Take a stand against abuse


As we enter the third year of the COVID-19 pandemic, research is beginning to confirm a disturbing trend that has worried me since our first lockdown in March 2020. For too many children, home is no place safe. In fact, for some kids, it’s been downright dangerous.

Recently, the Centers for Disease Control released a series of statistics that reflect the staggering 25% increase in demand for domestic and sexual violence services we have experienced at the Bridgeport Center for Family Justice since the start of this pandemic.

While we’ve long understood that COVID-19 was causing a second pandemic of abuse as victims were forced to shelter in place with their abusers, it appears children and teens suffered the brunt of the collateral damage. .

The CDC reports that the past few years have had a particularly devastating impact on the physical and mental health of adolescents. More than 55% said they had experienced emotional abuse at home, while 11.3% said they had been physically abused. More than 44% said they had felt feelings of “lingering sadness” and around 9% said they had attempted suicide.

As we observe Sexual Assault Awareness Month and Child Abuse Awareness Month, I find these CDC findings deeply troubling.

For starters, they illustrate all the work we have yet to do to break the generational cycles of abuse in our communities.

We know that children who grow up in unhealthy homes, where physical or sexual abuse is a constant threat during their formative years, are much more likely to carry that abuse into adulthood. They are more likely to be depressed and struggle in school. They are much more likely to get into unhealthy relationships and abuse their own children. They are much more susceptible to drug addiction and suicide.

To give these already vulnerable children a better and safer future, it is imperative that we intervene in their lives as early as possible.

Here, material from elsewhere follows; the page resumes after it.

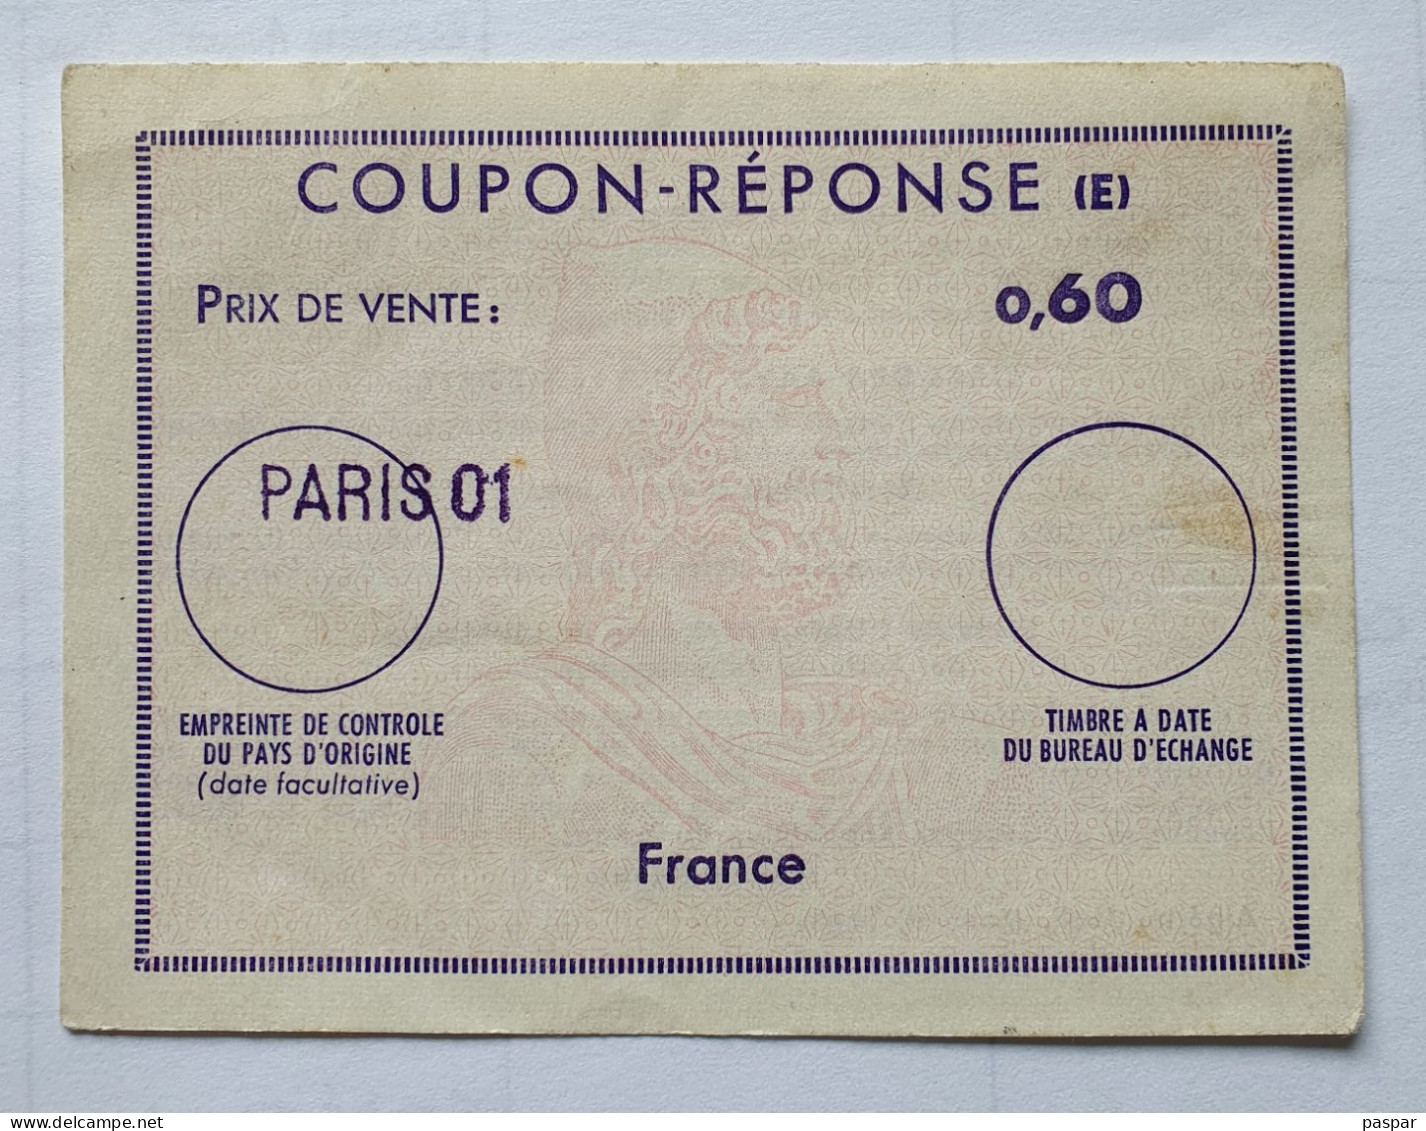 Coupon-réponse  France 0,60 F PARIS 01 - Coupons-réponse

As a nationally accredited children’s advocacy center, CFJ is proud to be at the forefront of providing comprehensive crisis and support services to abused children and adolescents. Last year we worked with over 209 children who had experienced the extreme trauma of sexual or physical abuse. We have worked with hundreds of others who were secondary victims of abuse, having witnessed it in their homes. With the support of the Victim Services Office Victims of Crime Act and the Petit Family Foundation, we are able to provide these scared and hurt young people with free therapeutic services to help them process and overcome their trauma.

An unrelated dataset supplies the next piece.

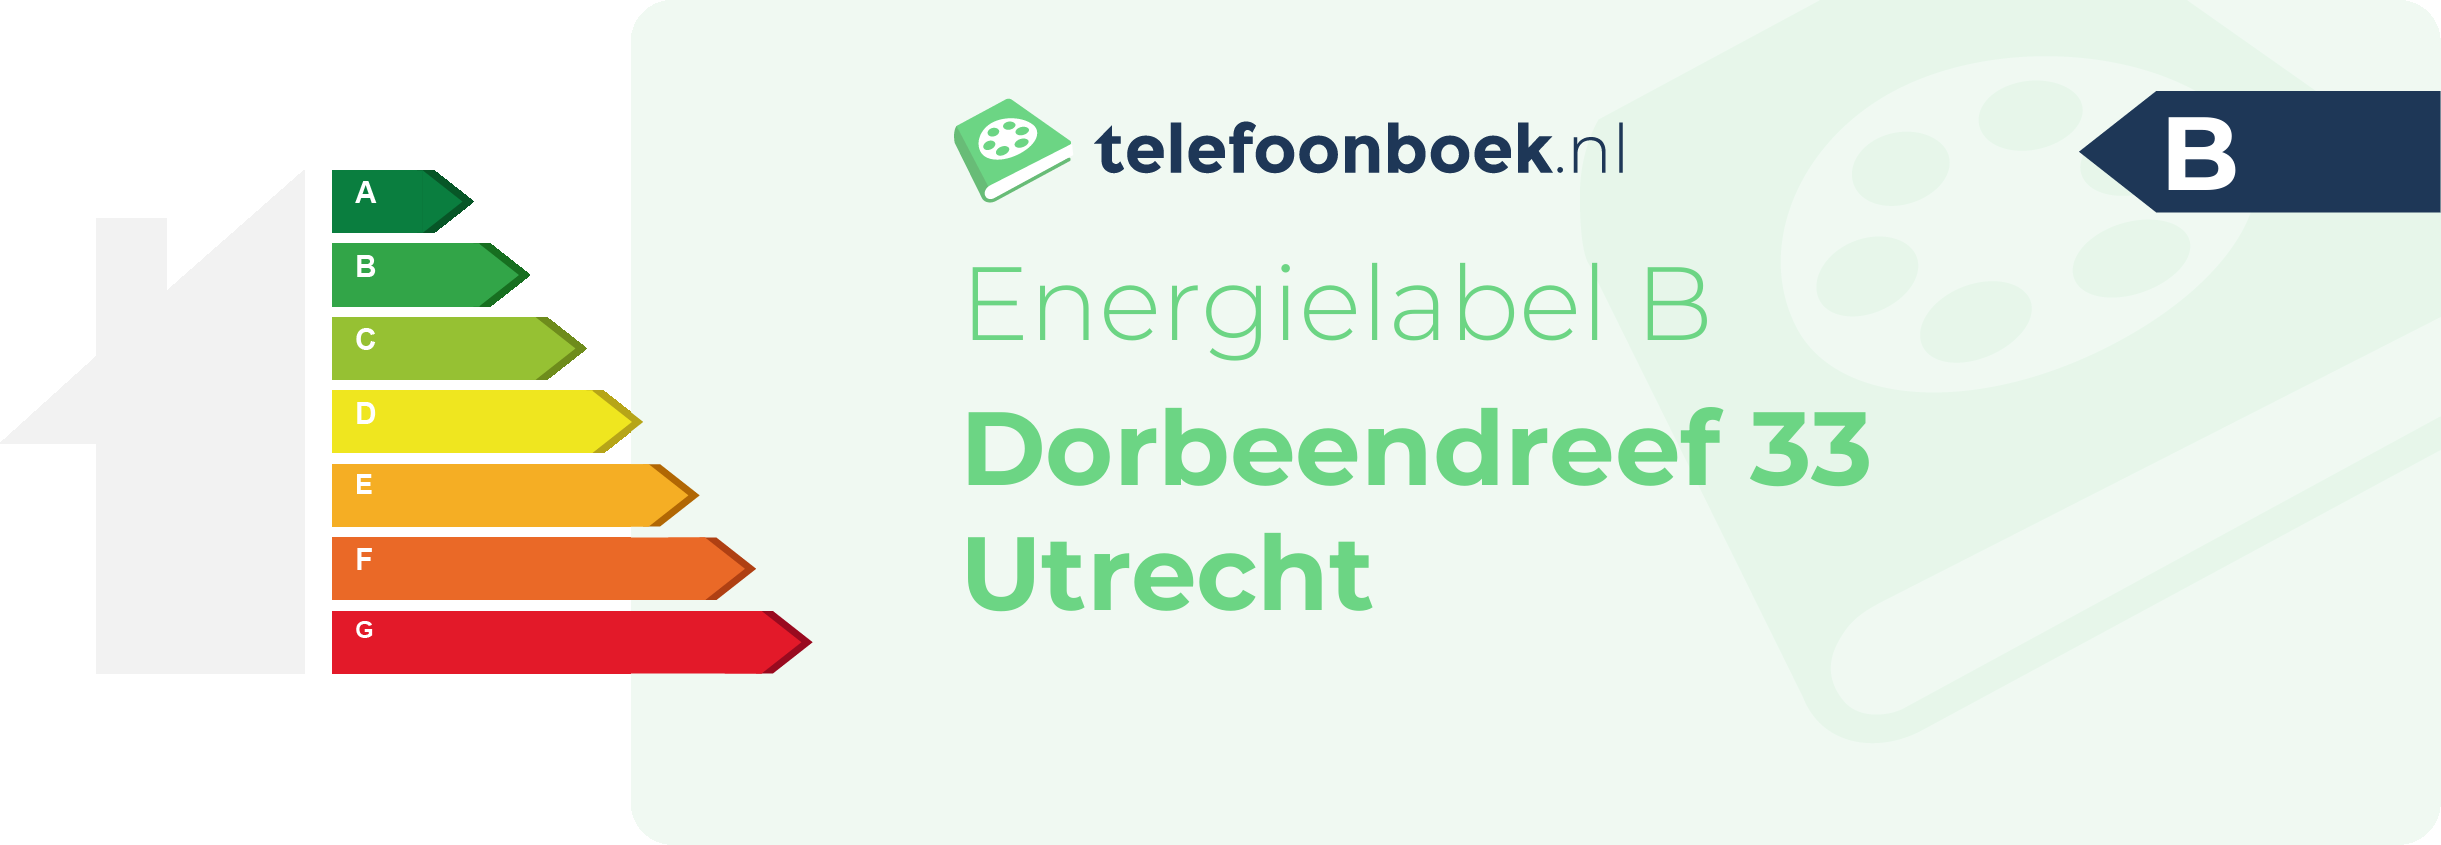 Energielabel Dorbeendreef 33 Utrecht

We are currently preparing for the sixth summer of Elizabeth M. Pfriem Camp HOPE America-Bridgeport, our summer camp and year-long Pathways to HOPE engagement and mentorship program for youth ages 7-17 who have been victims of domestic violence. or of a sexual nature. Through these two interconnected programs, we work to rebuild the hope and self-esteem of abused children and adolescents, helping them regain some of the childhood they lost.

But we can do more to keep these children healthy, safe and supported. Currently in the state of Connecticut, we are unable to fully meet the needs of the many children affected by domestic violence because child advocate positions are not fully funded. Indeed, we only receive about $11,000 per year to fund these much-needed roles. CFJ is one of 18 domestic violence agencies operating shelters in Connecticut that have called on the General Assembly to begin providing adequate funding to pay the salaries of child advocates, so we can protect and adequately support children who have witnessed and experienced physical and emotional abuse.

Given that we work with hundreds of abused children each year, the least we can do as a caring state is to fully fund at least one of these positions for every domestic violence agency in the state. .

And of course, we can all do something to support children who have been abused. On Saturday, April 23, CFJ will hold its tenth annual Walk a Mile in Her Shoes event in downtown Fairfield. This fundraising walk is also an awareness event, held each year during Sexual Assault and Child Abuse Awareness Month, which helps fund our Camp HOPE program.

By walking a mile on April 23, you will join us in the effort to take a stand against gender-based violence in our communities and say, “It’s over! It is time to stand with these children and help them heal from this second pandemic of abuse.

Debra A. Greenwood is President and CEO of the Center for Family Justice, which provides free, confidential services to victims of domestic and sexual violence in the communities of Bridgeport, Easton, Fairfield, Monroe, Stratford and Trumbull.